Importantly the event is not just about the emotions of infertility. For Christian’s there is a very real and deep impact that this can have on faith. Sonya’s research throws up some interesting and helpful insights into how the bible relates to infertility. It challenges what is probably the widely understood yet simplistic readings of stories such as Sarah and Abraham and Hannah. “what is interesting is these infertile women disappear from scripture as soon as they have given birth. Clearly the patriarchal world of the Old Testament is interested in genealogy and lineage so that Jesus is shown as the rightful messiah. But interestingly once we get to the New Testament we find that doxology replace genealogy, we see Anna at the temple who must have been childless to devote herself to the temple, even though her womb was empty her arms carry the Christ child. There is a shift from the Old Testament dependance on heirs for idenitity to the New Testament where we see a sole dependance on the figure of Christ.”

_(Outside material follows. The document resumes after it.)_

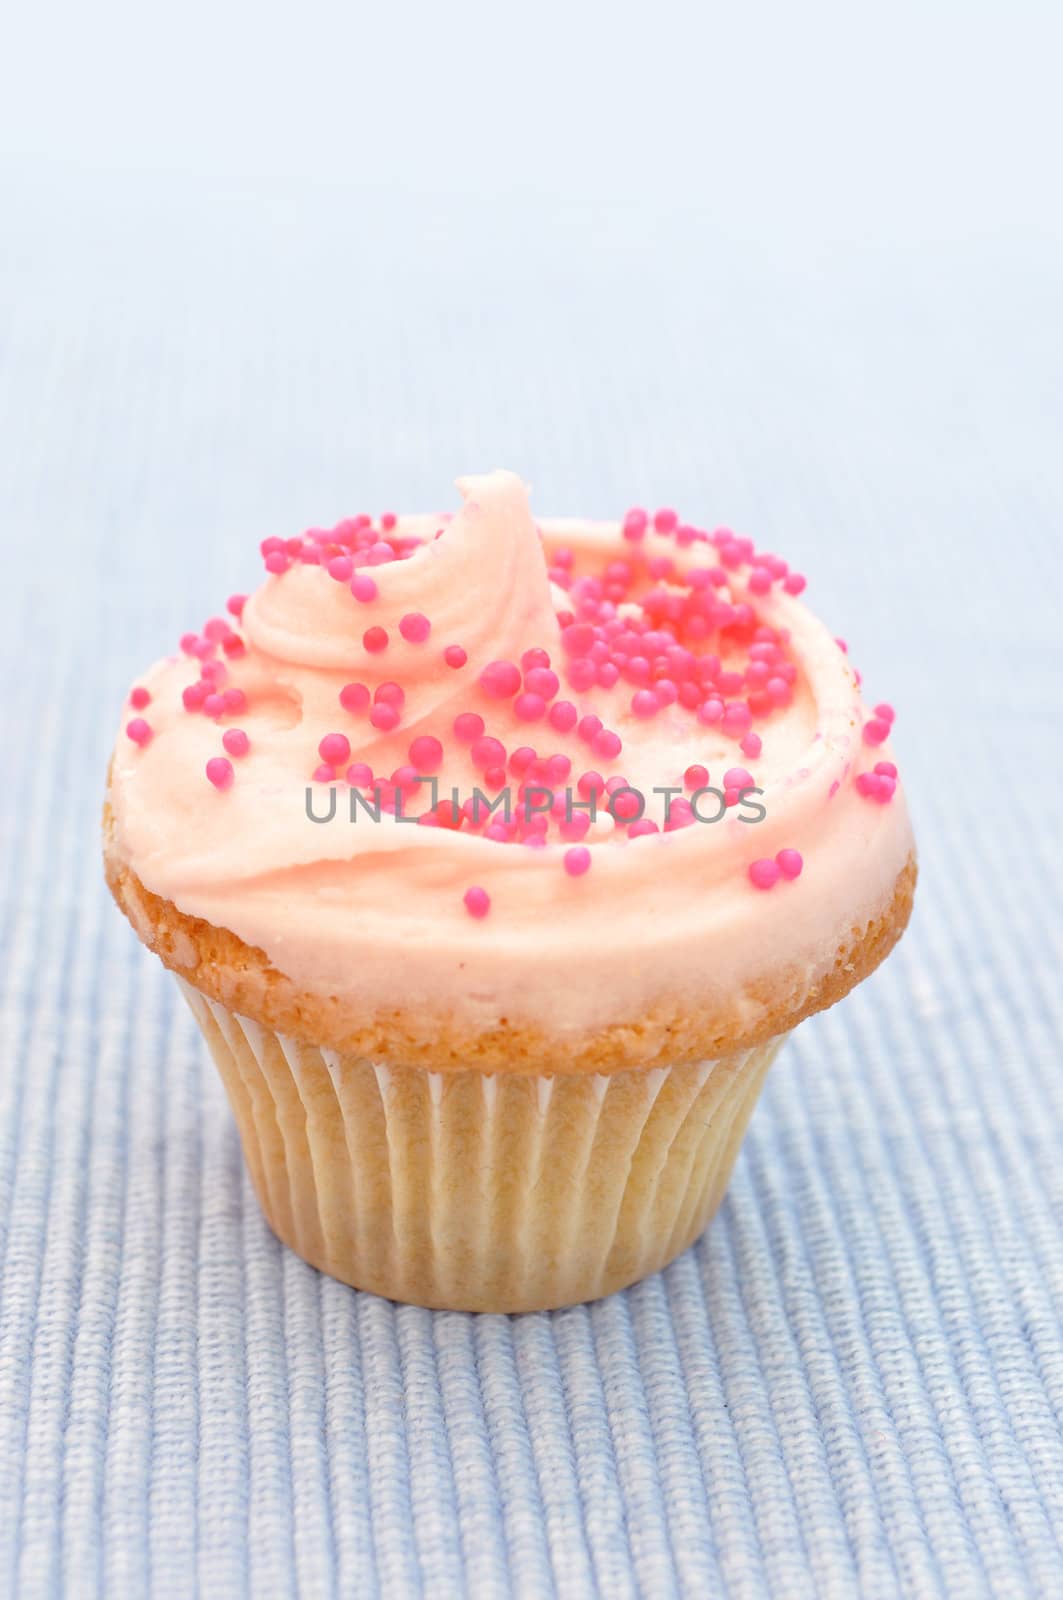 Creamy pink cupcake on a blue tablecloth

Sonya will helpfully explore some of that theology  - research that is practically unique  - at the event to help build an understanding that this can be a vocation on our lives. To remain faithful through the pains and heartaches of infertility.  “This is my baby” concludes Sonya ”it is such a privilege to be able to help equip others on this journey because I now know that God is not unfaithful because I am not pregnant”.

it is such a privilege to be able to help equip others on this journey because I now know that God is not unfaithful because I am not pregnant”.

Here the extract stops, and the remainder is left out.